- Opening Delimiter -

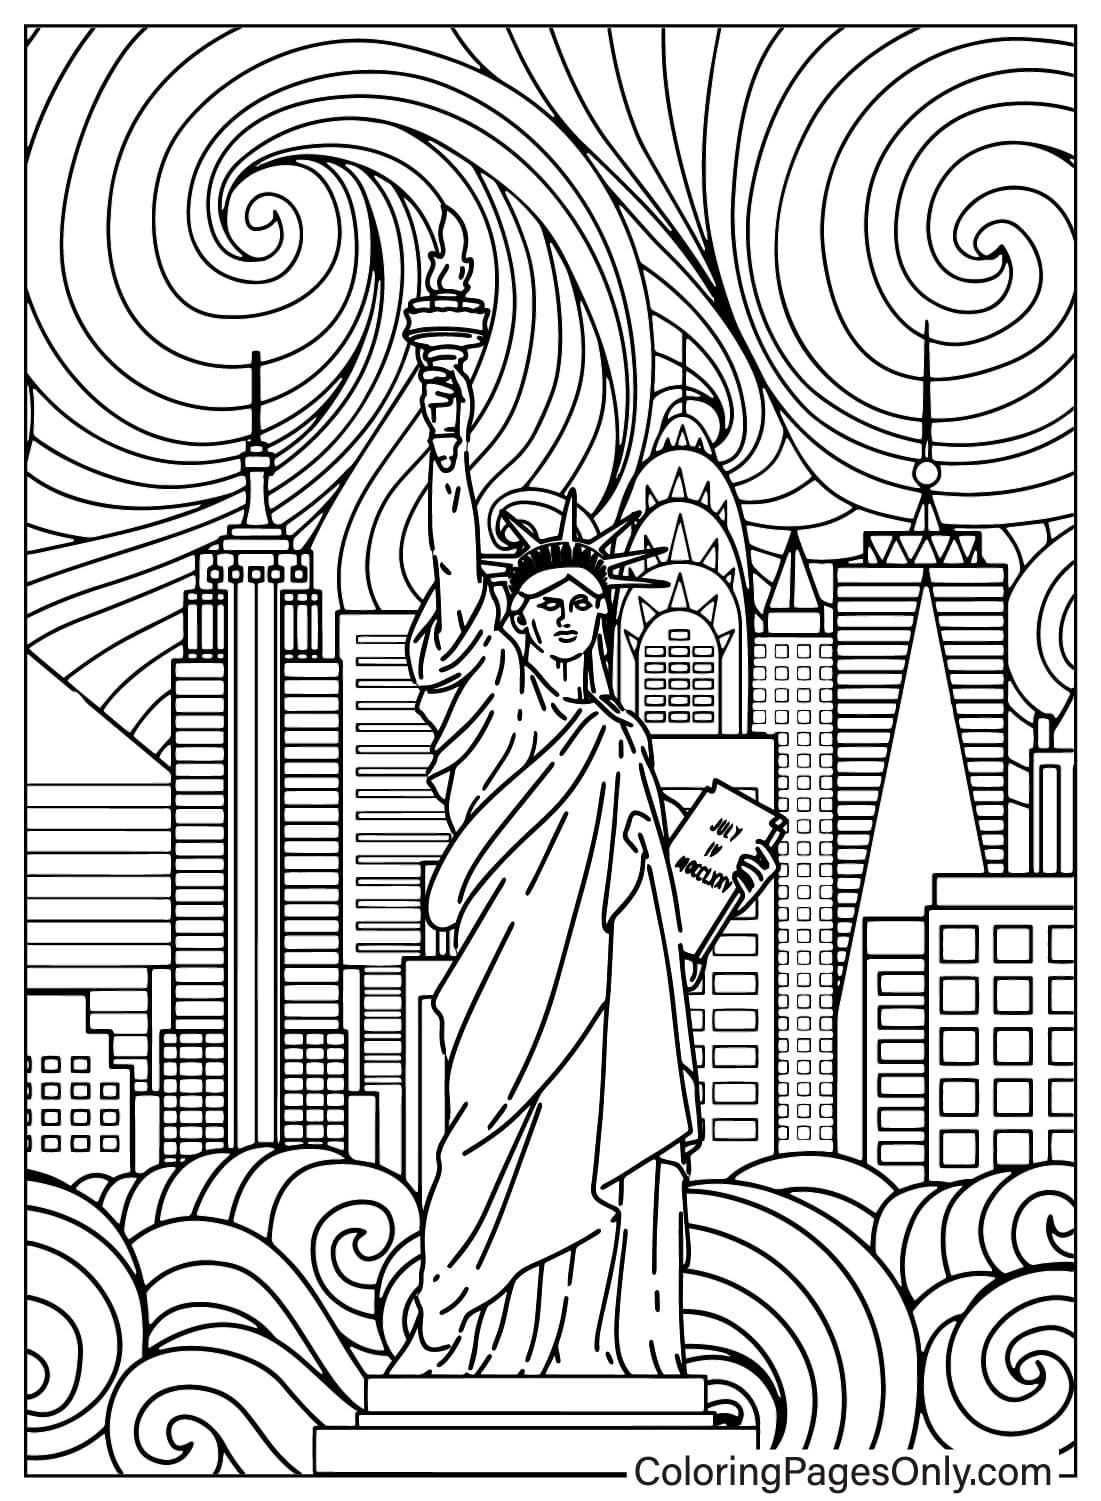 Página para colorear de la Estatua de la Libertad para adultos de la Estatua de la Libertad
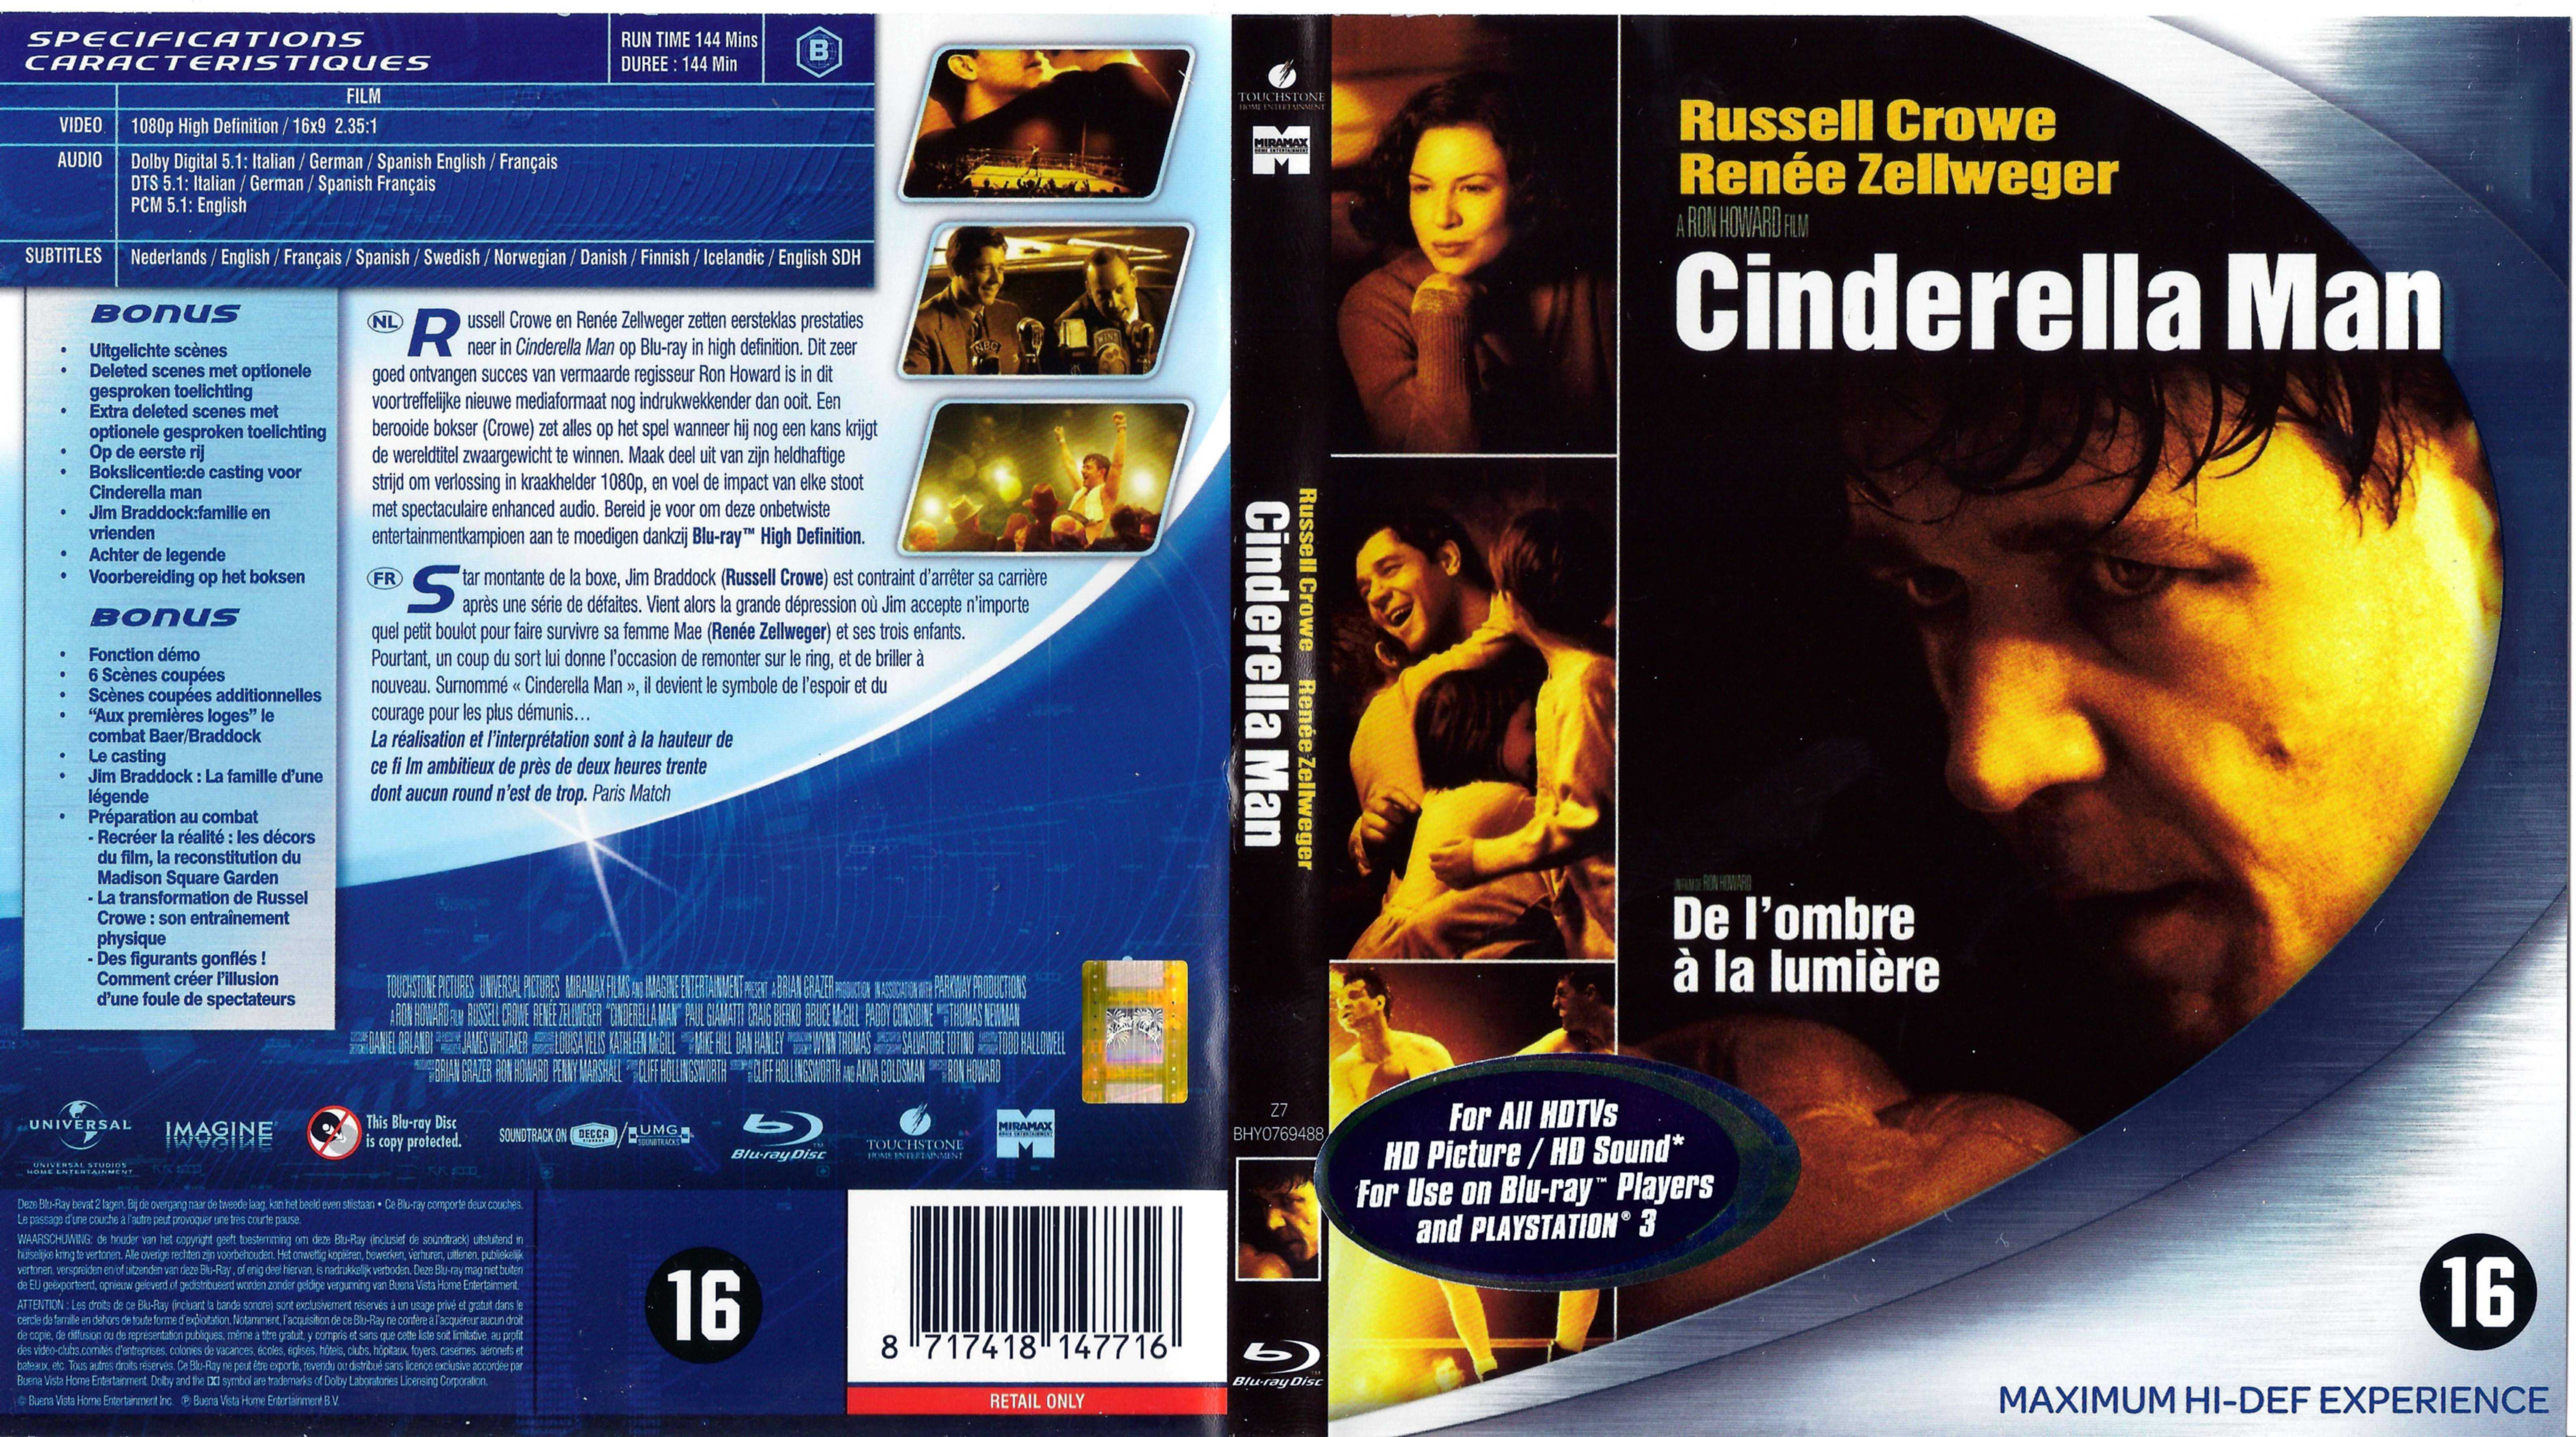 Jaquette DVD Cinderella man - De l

- Closing Delimiter -
- Opening Delimiter -

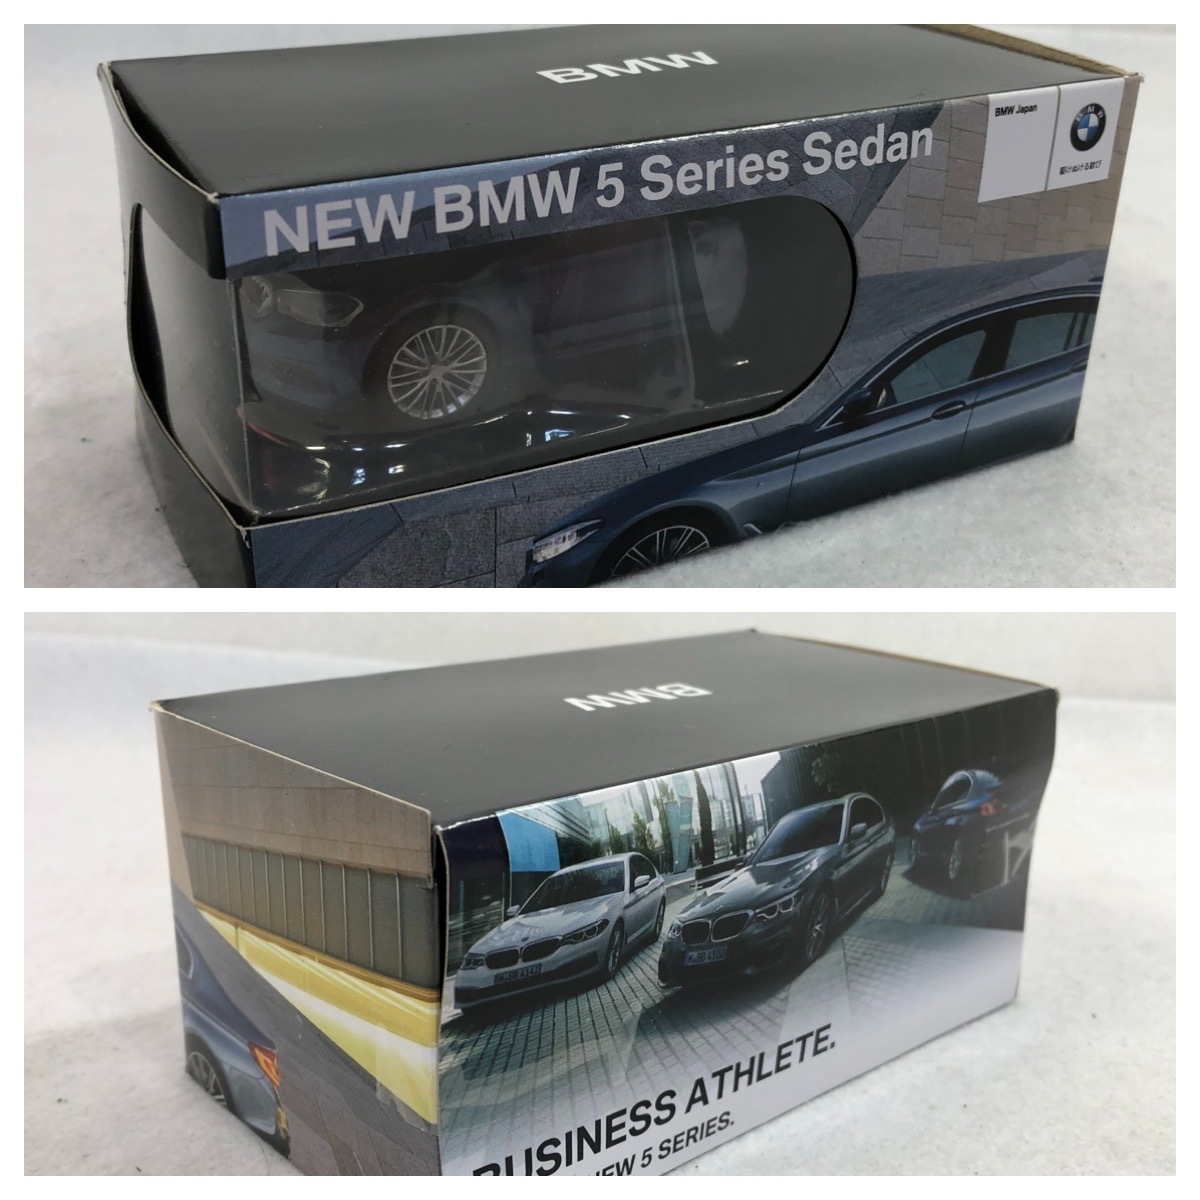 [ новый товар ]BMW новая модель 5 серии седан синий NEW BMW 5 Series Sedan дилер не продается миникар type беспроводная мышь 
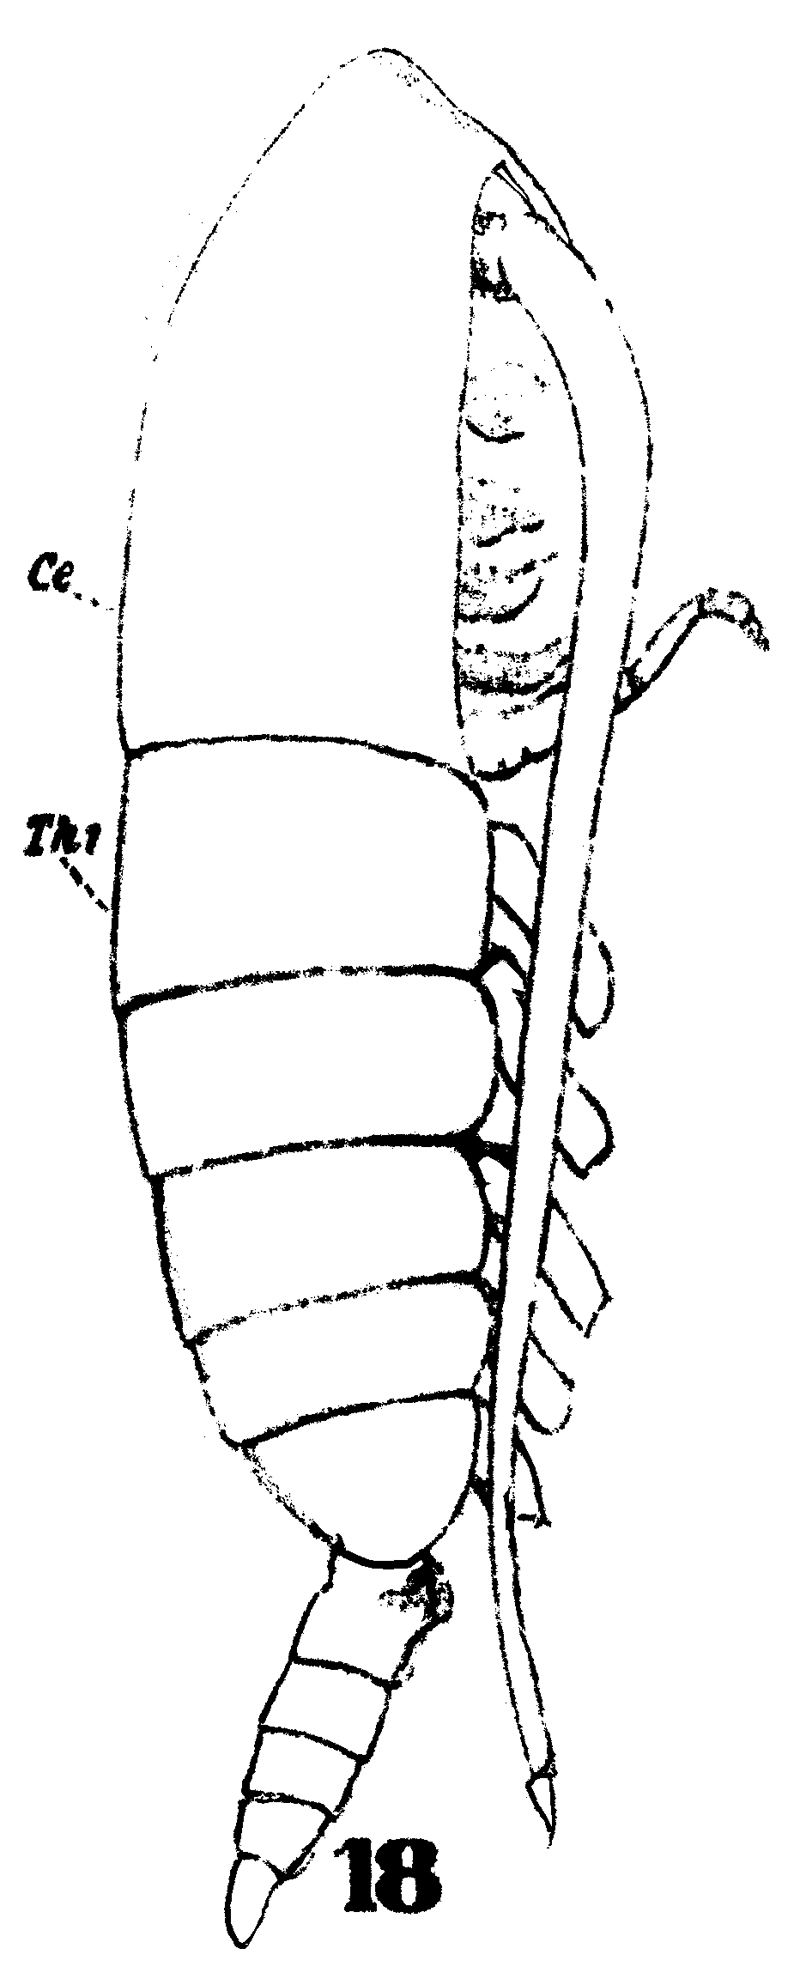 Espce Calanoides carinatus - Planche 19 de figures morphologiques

- Closing Delimiter -

• **What is needed**
What you return from the records above should be exactly everything from the line with "[ новый товар" down to the line with "Espce Calanoides carinatus", both kept, and no pictures.

• **Exercise result**
 [ новый товар ]BMW новая модель 5 серии седан синий NEW BMW 5 Series Sedan дилер не продается миникар type беспроводная мышь 
 Espce Calanoides carinatus - Planche 19 de figures morphologiques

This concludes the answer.